- [TASK OBJECTIVE]: The full listing, exactly as written and with no images, is the expected output.

- [SUPPLIED MATERIAL]:
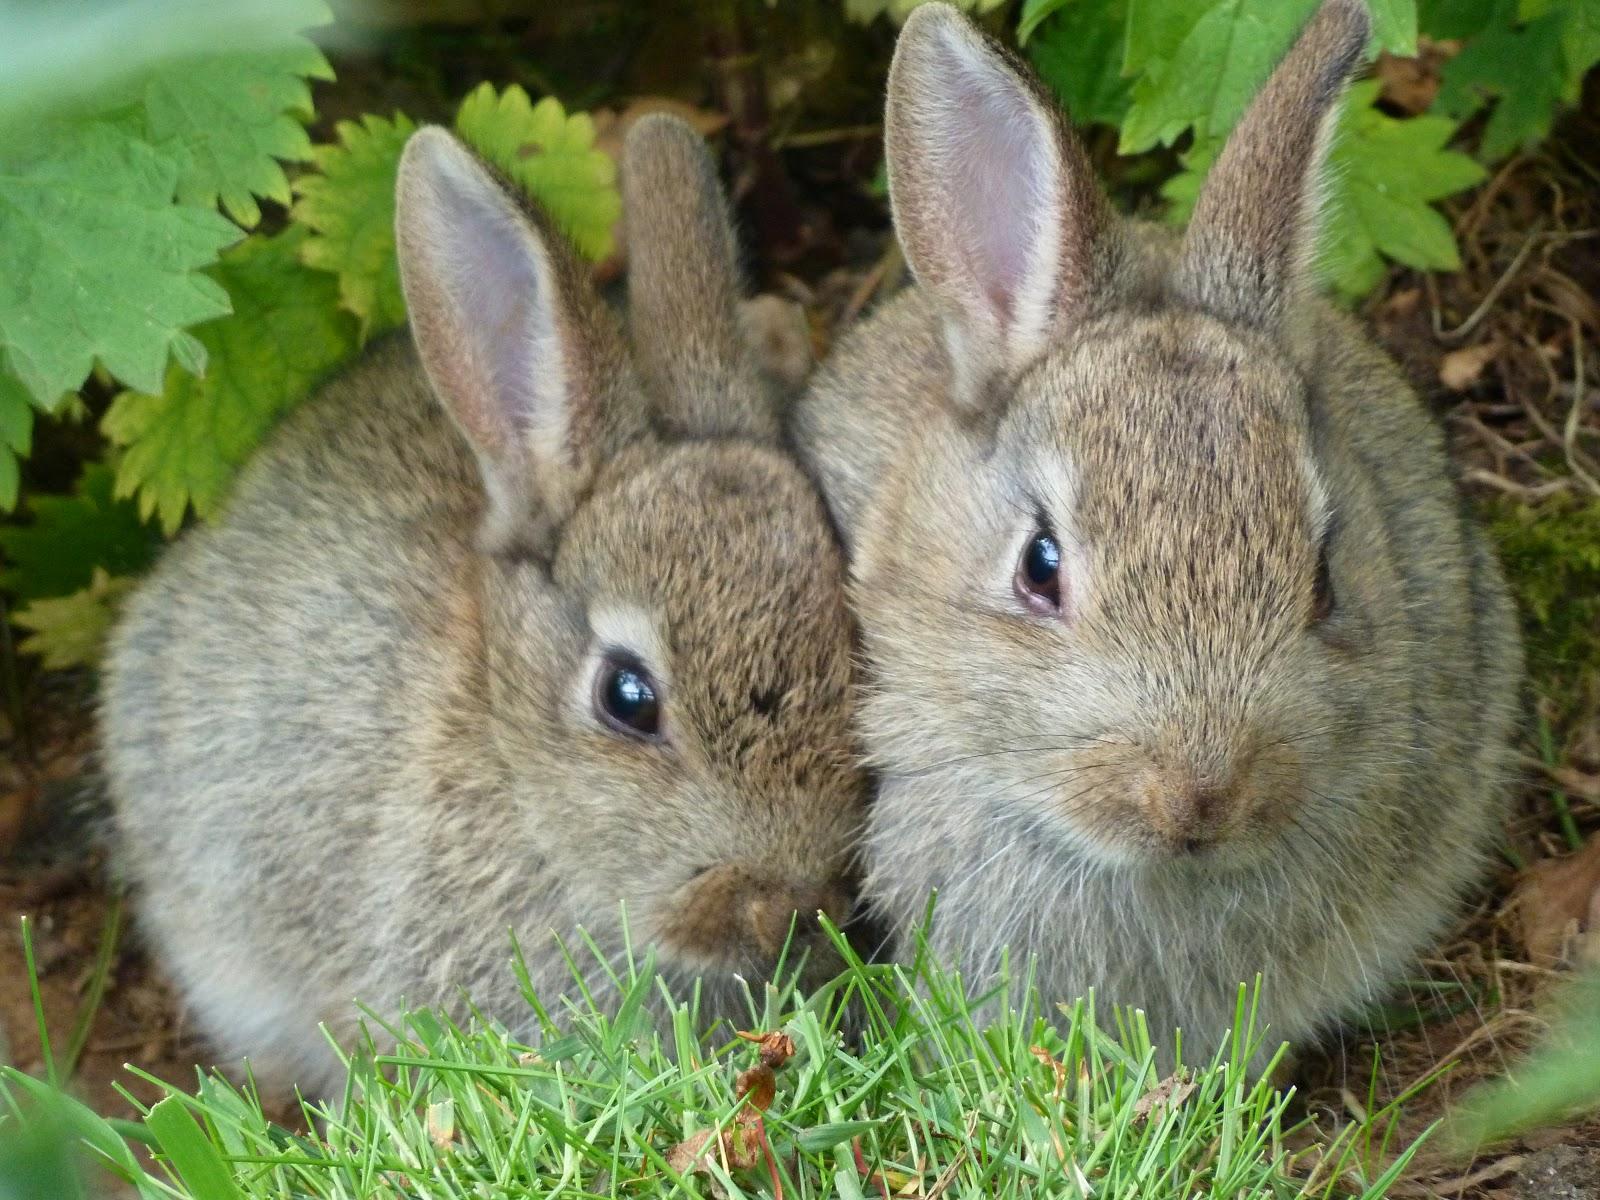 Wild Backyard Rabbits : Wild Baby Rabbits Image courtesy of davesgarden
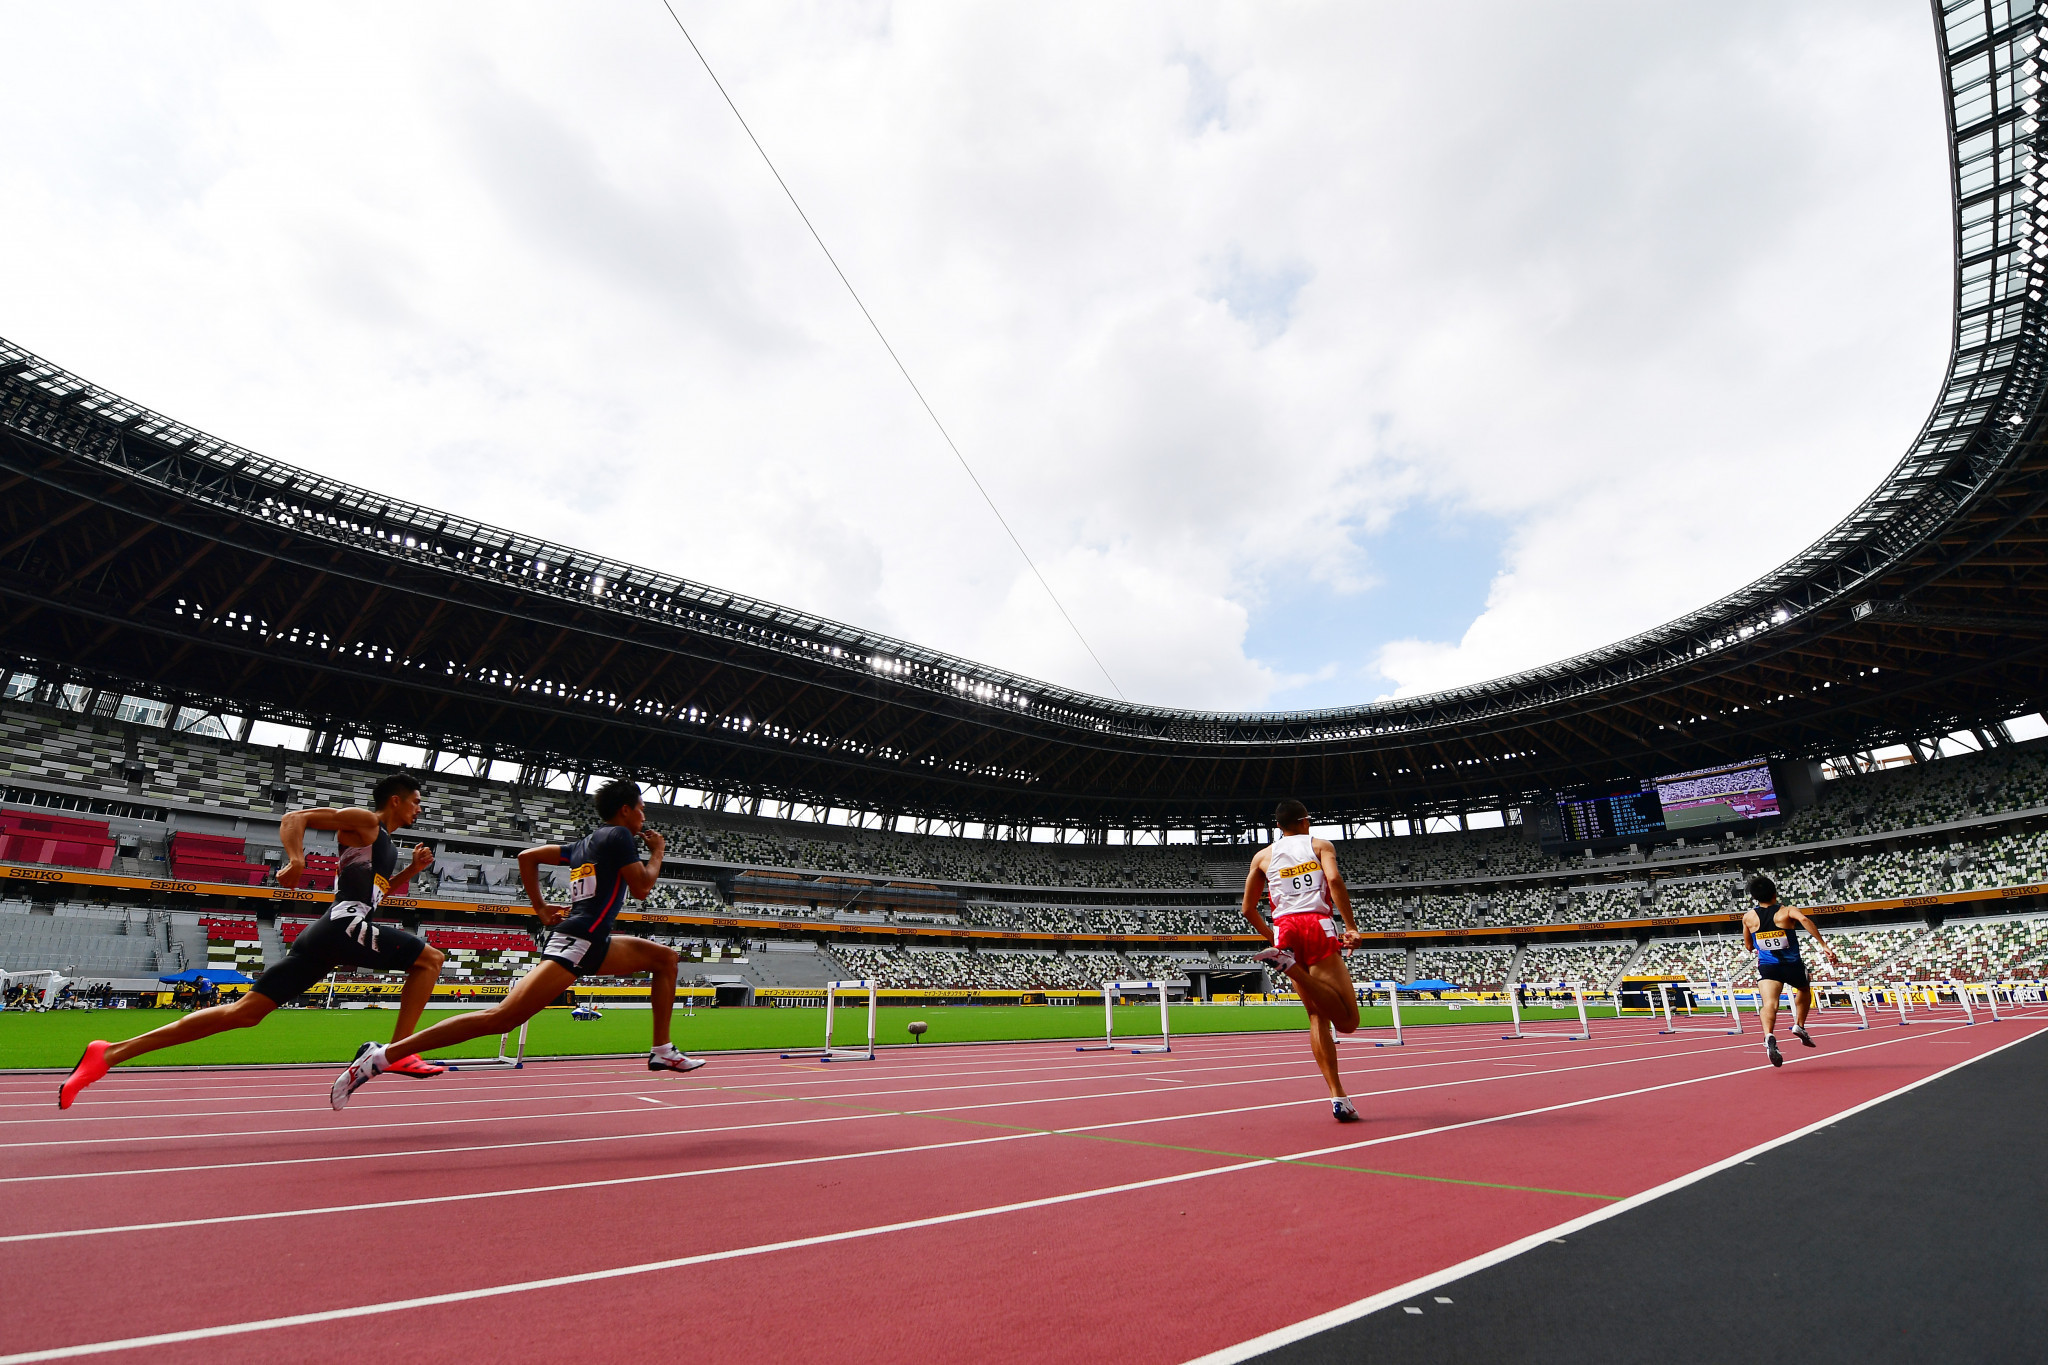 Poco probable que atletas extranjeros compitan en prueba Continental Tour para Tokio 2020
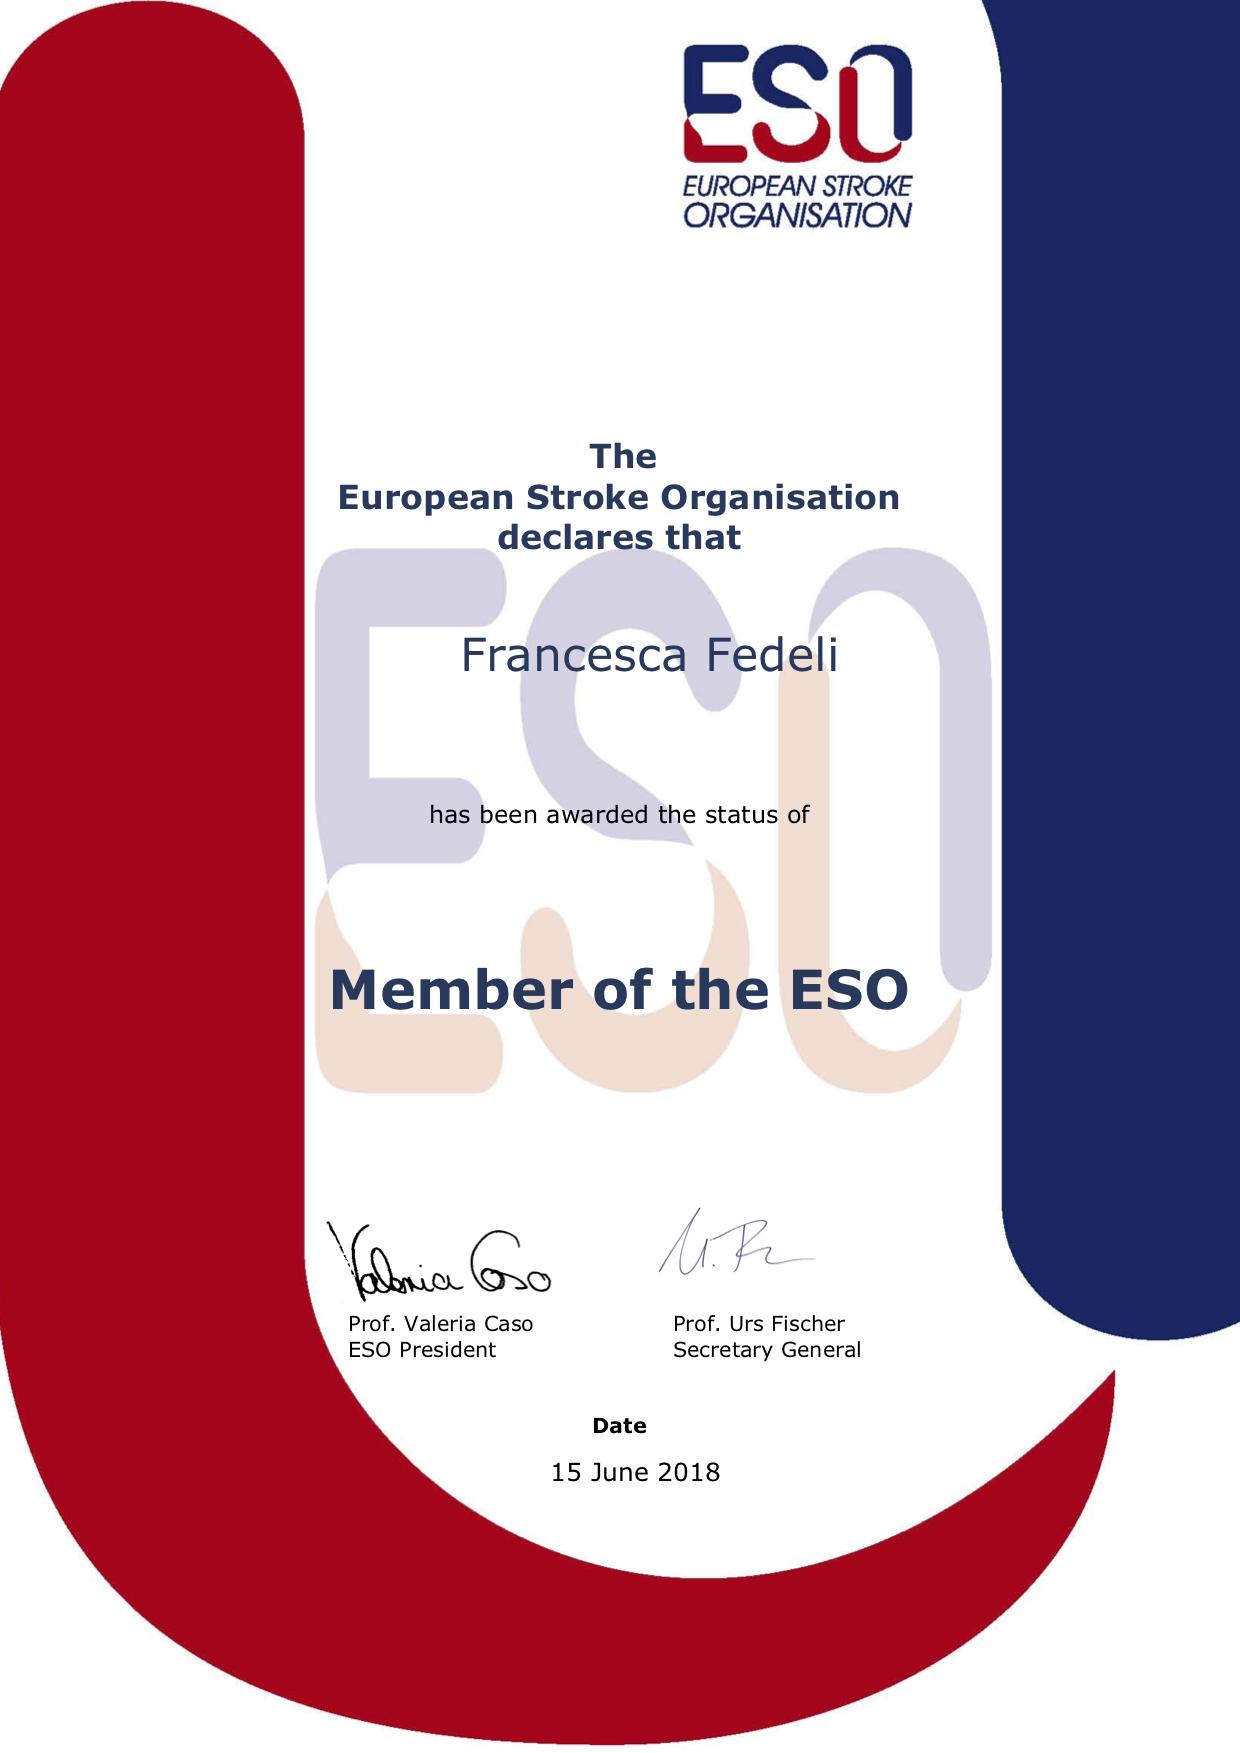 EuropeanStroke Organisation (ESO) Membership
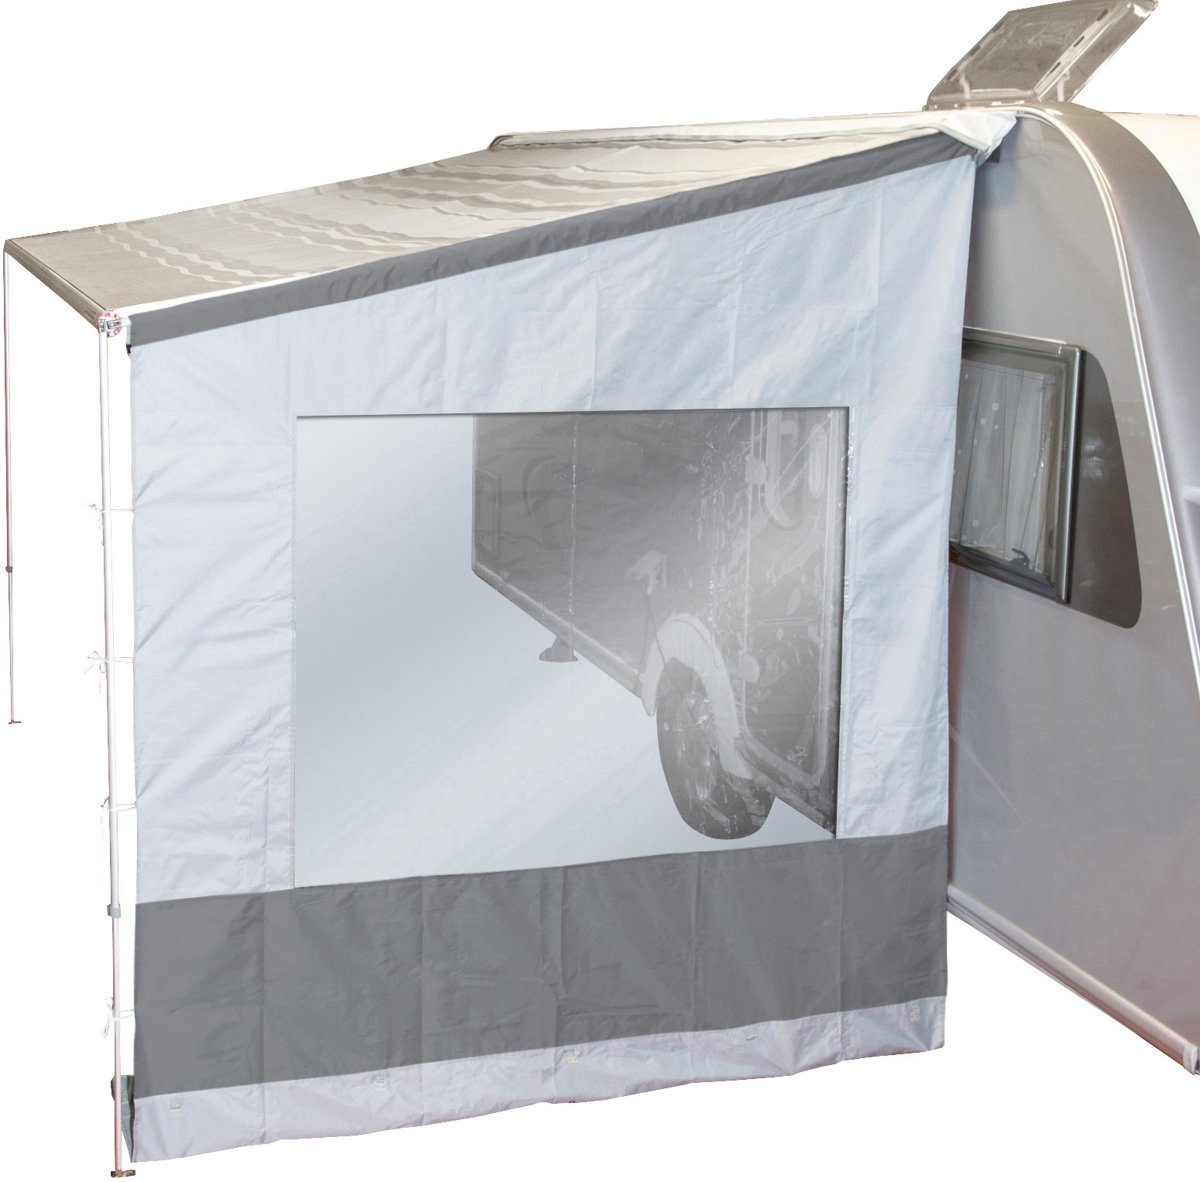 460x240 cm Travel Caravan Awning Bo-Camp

- [RESULT OF THIS EXERCISE]:
 Wild Backyard Rabbits : Wild Baby Rabbits Image courtesy of davesgarden
 Poco probable que atletas extranjeros compitan en prueba Continental Tour para Tokio 2020
 EuropeanStroke Organisation (ESO) Membership
 460x240 cm Travel Caravan Awning Bo-Camp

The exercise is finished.